Before running any Jupyter tutorials, please refer to the 00_before_starting.md document on how to correctly set up the environment. This only needs to be done once. After which, the venv can be (re)activated from exciting's root directory:

source tools/excitingjupyter/venv/excitingvenv/bin/activate


Important note:

• All input parameters that will appear will be given in atomic units!
• For running fastBSE calculations, you need to link exciting to HDF5 and FFTW3

### 1. Introduction¶

In this tutorial you will learn how to calculate the optical absorption spectrum of with the fastBSE algorithm. To demonstrate that the results of the new method are equivalent to the old one, you will also calculate the spectrum with the direct algorithm. If you are not familiar how this is done, begin with the tutorial Excited states from BSE.

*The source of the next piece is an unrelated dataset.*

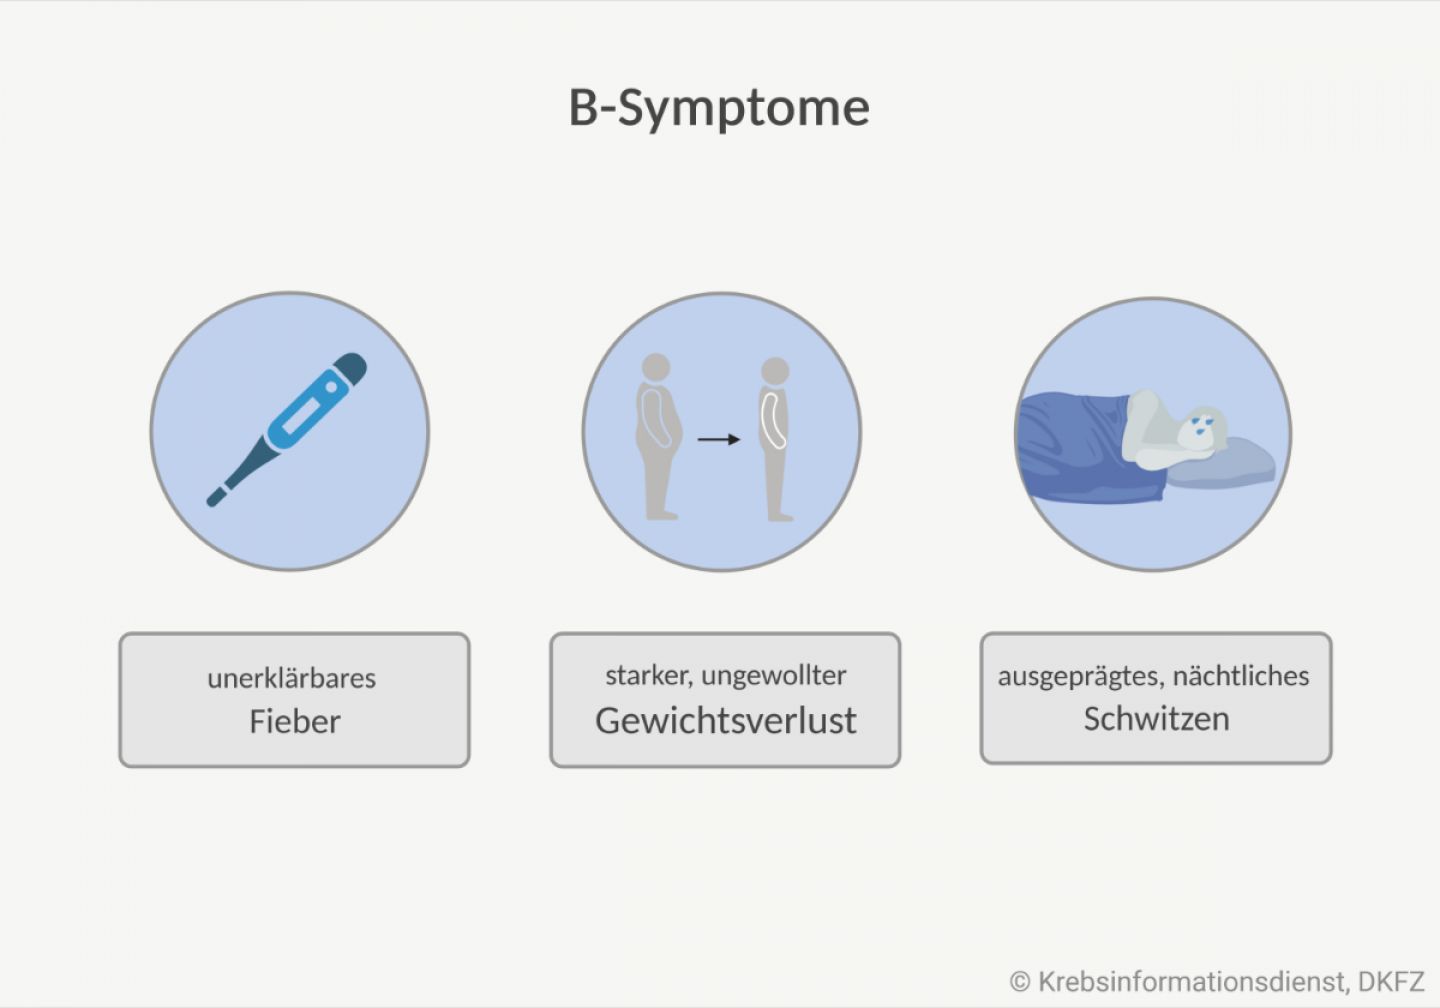 Zu B-Symptomen zählt unerklärbares Fieber, starker, ungewollter Gewichtsverlust und ausgeprägtes nächtliches Schwitzen

fastBSE is low scaling, matrix-free, iterative algorithm to solve the Bethe-Salpeter equation (BSE). It scales with $\mathcal O(N_v N_c(1 + \log N_k))$. This is massive speed up compared to the direct algorithm that scales with $\mathcal O(N_v^3 N_c^3 N_k^3)$.

### 2. Theory¶

In this tutorial, we only consider the Tamm-Dancoff-approximation (TDA) and neglect the coupling between the resonant and anti-resonant components of the Bethe-Salpeter Hamiltonian (BSH). We also neglect finite momentum transitions, such that $\mathbf{q} = \mathbf{0}$.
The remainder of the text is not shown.